# Verizon DSL Westell 6100 - Password Reset and Connectivity Issue



## kidmissle

Does anyone have the Westell 6100 and know how to reset the password to default, and what the default password is. Plus I talked to verizon and they say that the modem will only work with their service. Is this true? I'm getting Quest DSL tomorrow.


----------



## Terrister

FYI 6100 info:
http://192.168.1.1/
The default user name is: admin
The default password is: password


----------



## kugureama

After accessing the
http://192.168.1.1/
The default user name is: admin
The default password is: password
here are the next Troubleshooting steps

enter "admin" in administration name, administration password and re-enter the administration password then hit change. then click the profile editor button (note: if there will be a dialog box that will appear, just enter "admin" in username and password fields)then, another page will appear then just click edit button.(note: if there will be a dialog box that will appear, just enter "admin" in username and password fields)
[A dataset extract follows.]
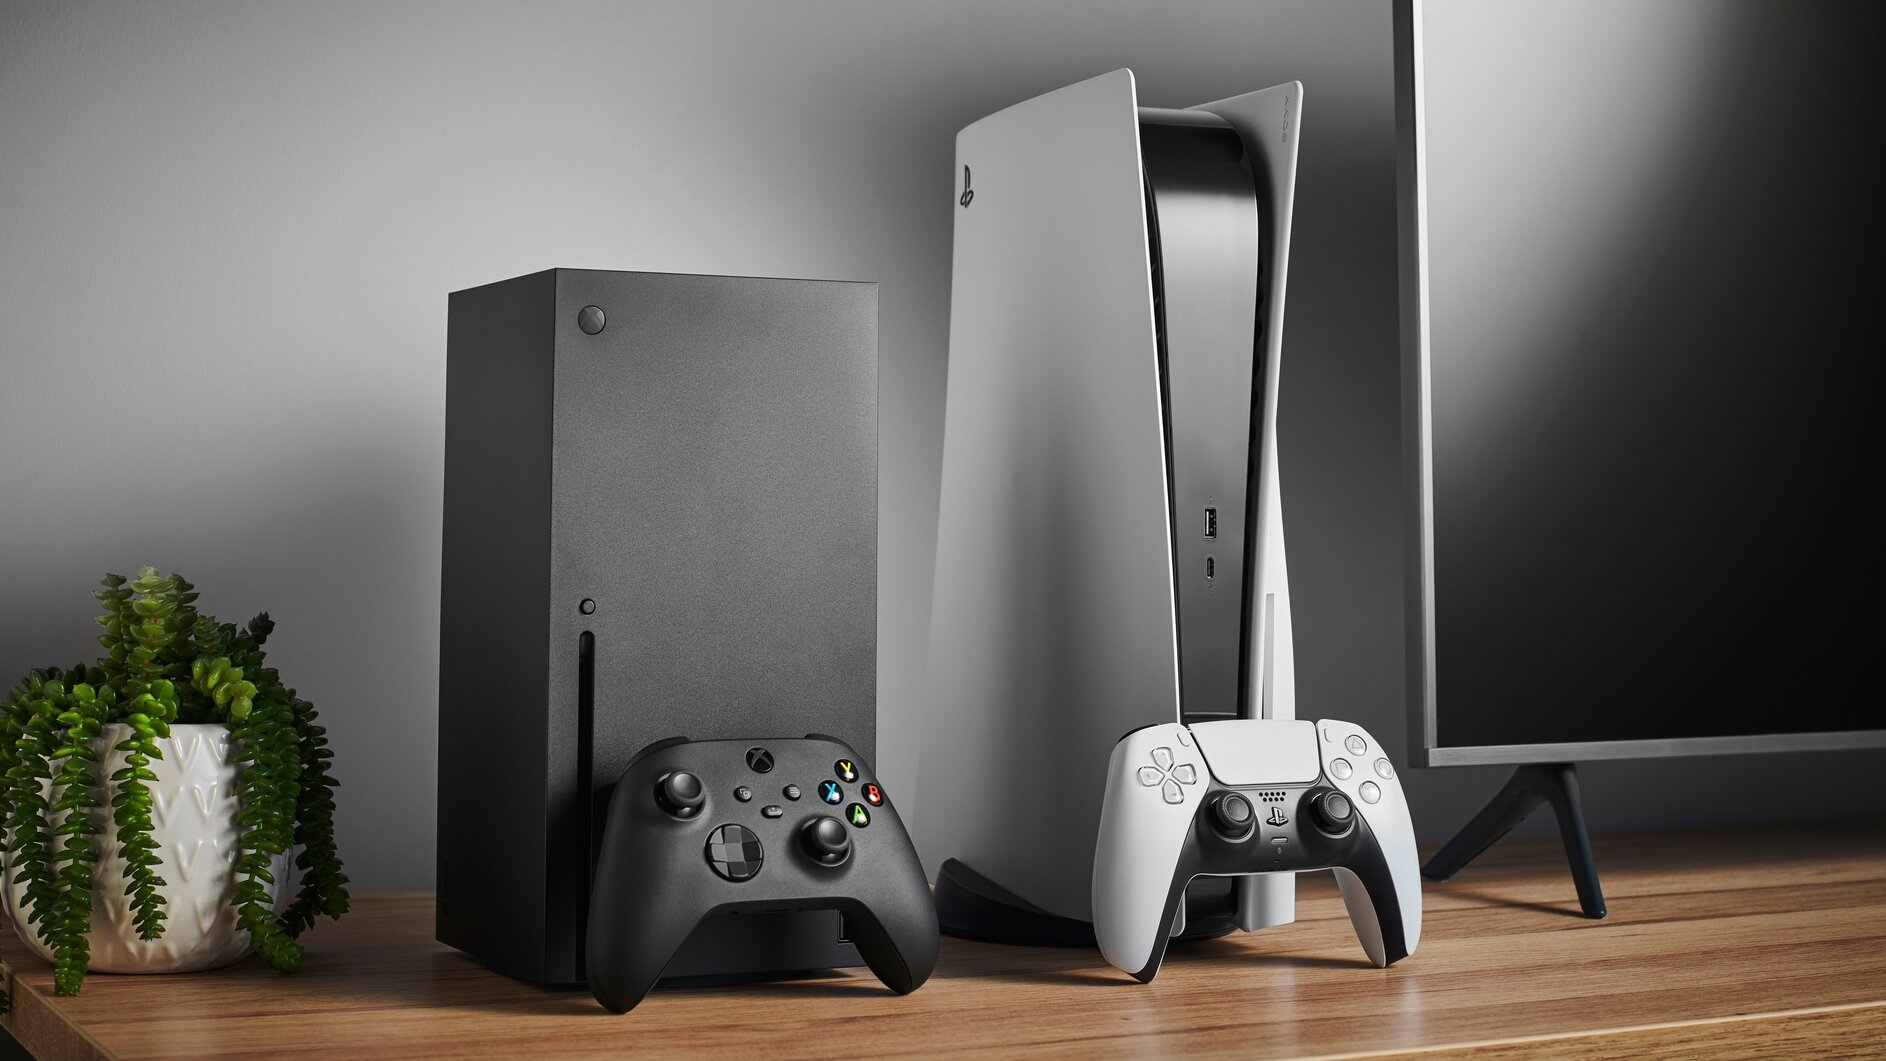 The reasons behind the video game console shortage
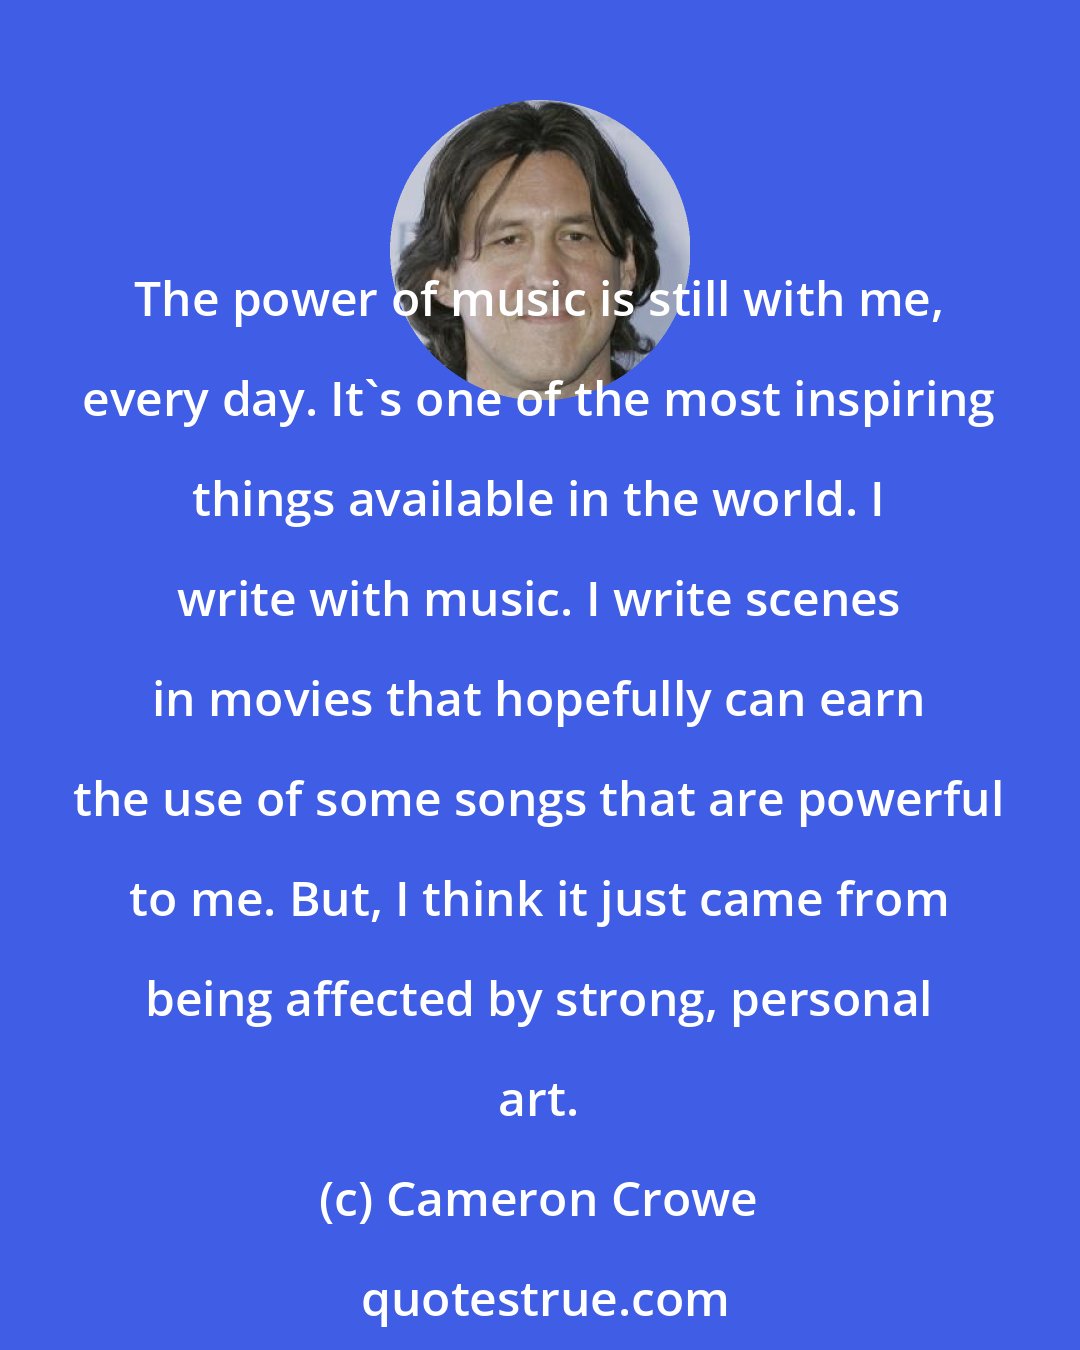 Cameron Crowe: The power of music is still with me, every day. It's one of the most inspiring things available in the world. I write with music. I write scenes in movies that hopefully can earn the use of some songs that are powerful to me. But, I think it just came from being affected by strong, personal art.

enter your username in account id then your password in password field. then click save>ok

-check if the PPP status is up
-if it is up goto "status" menu then select connection summary then locate for "ip network address PPP" 
-check the ip address
- if it does not begin with "10.x.x" check if you can access internet, otherwise go back to home then click profile editor>edit button that i have given to you. usually there is a problem with your username and password

what is your dsl phone no if i may ask?


----------